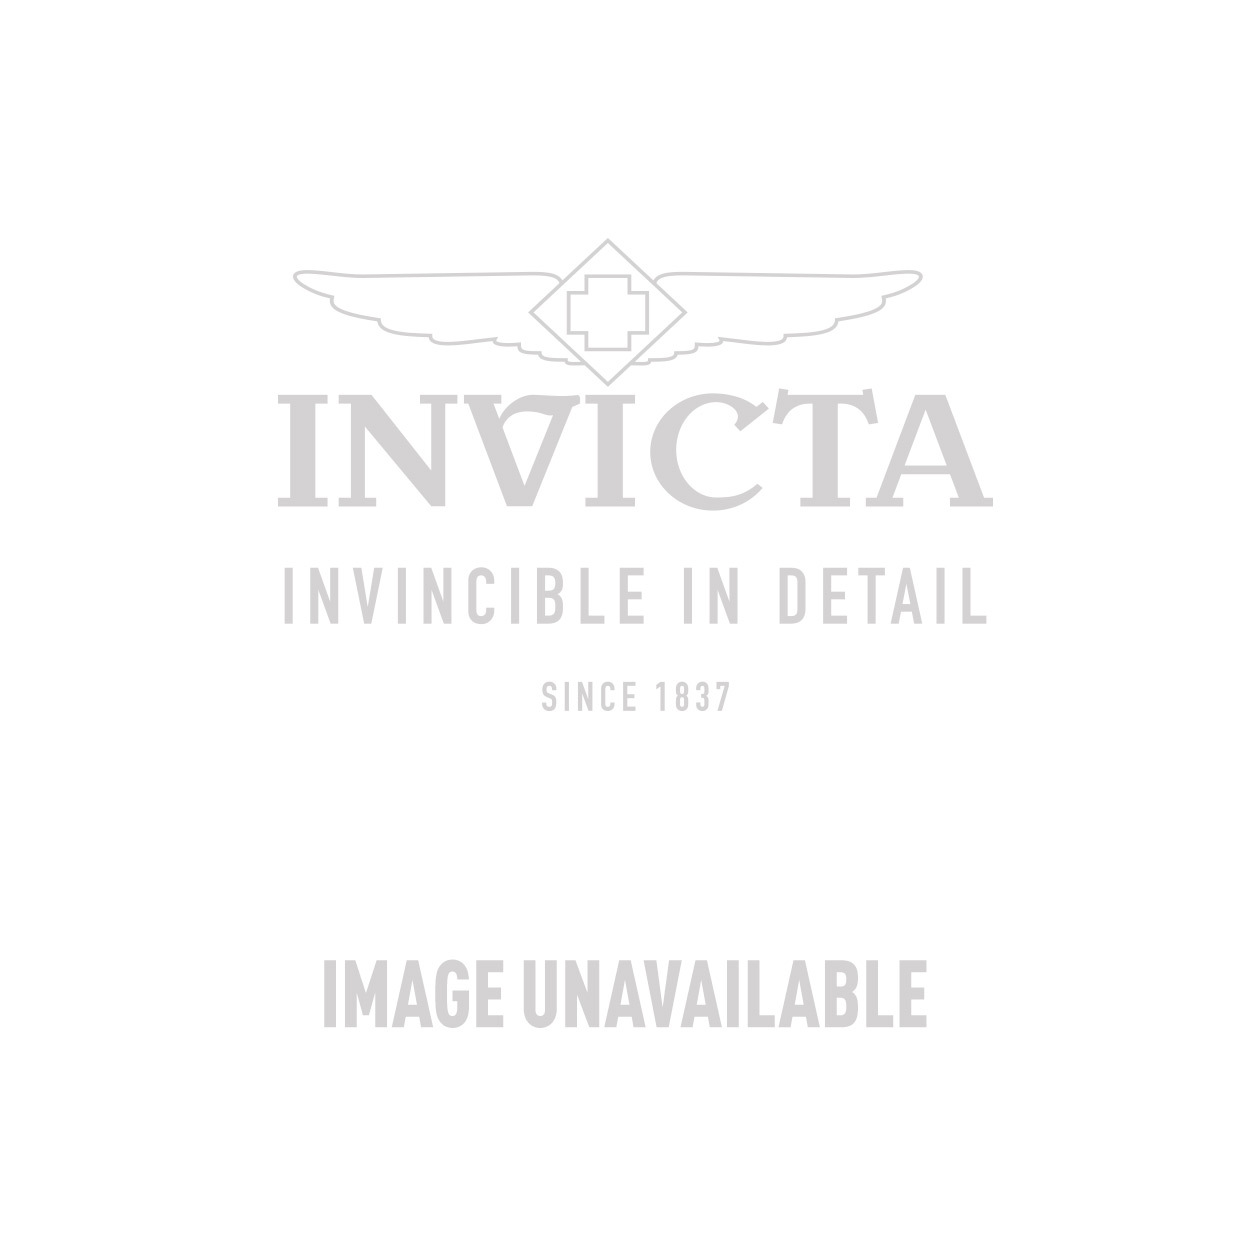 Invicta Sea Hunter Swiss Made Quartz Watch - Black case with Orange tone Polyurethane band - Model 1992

+++

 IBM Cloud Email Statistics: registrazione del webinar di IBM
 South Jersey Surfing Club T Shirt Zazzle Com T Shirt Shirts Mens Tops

+++

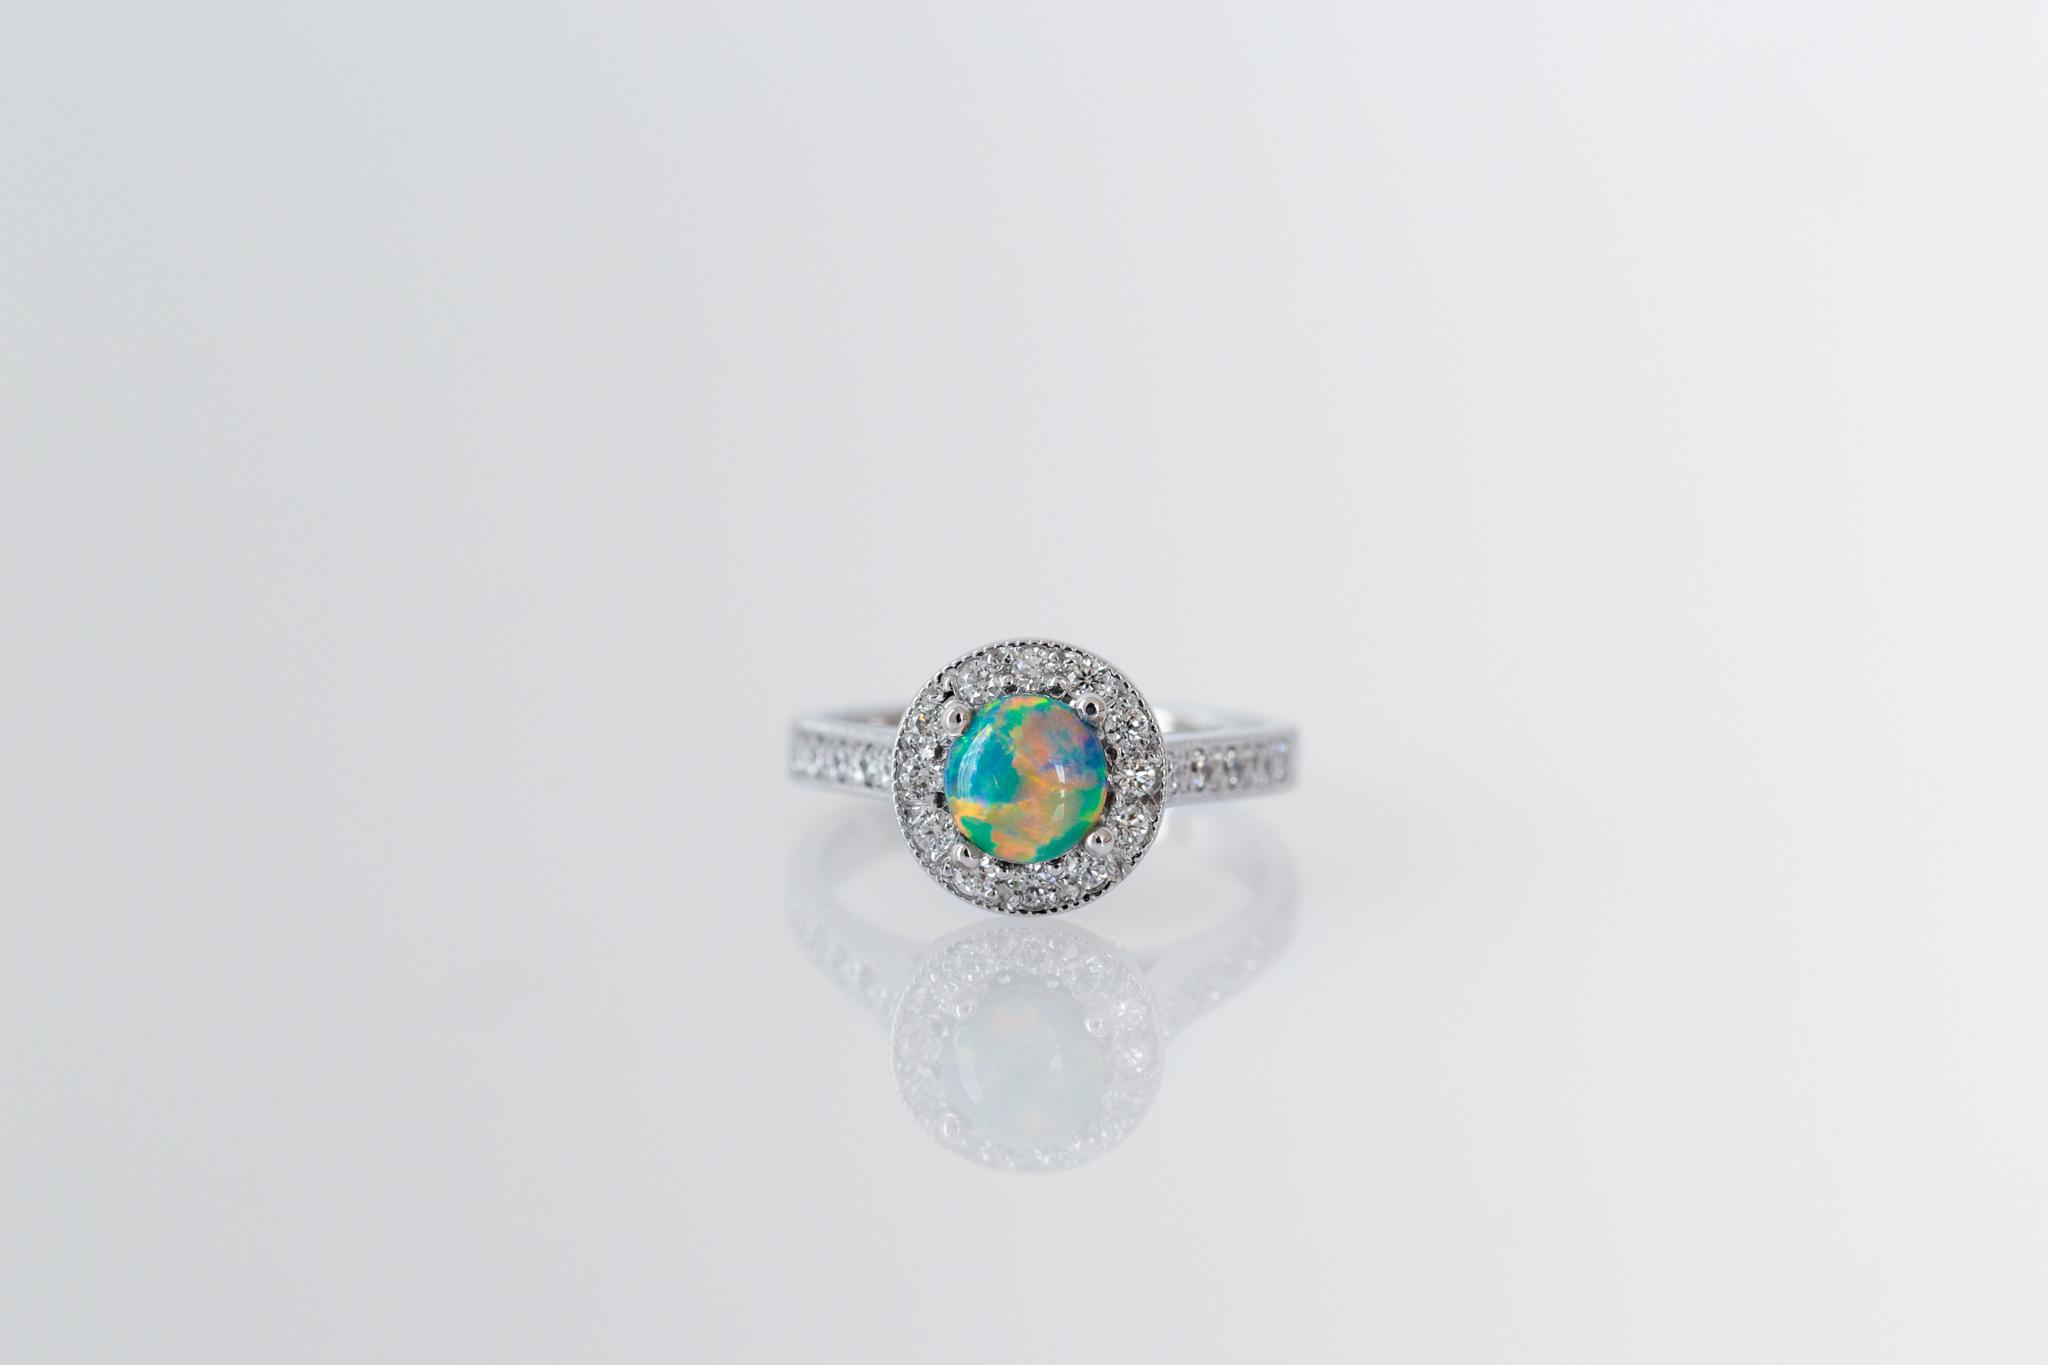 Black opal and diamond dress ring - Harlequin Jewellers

+++

Given the records above, restate word for word only the lines starting at the one with "IBM Cloud Email" and ending at the one with "South Jersey Surfing".

 IBM Cloud Email Statistics: registrazione del webinar di IBM
 South Jersey Surfing Club T Shirt Zazzle Com T Shirt Shirts Mens Tops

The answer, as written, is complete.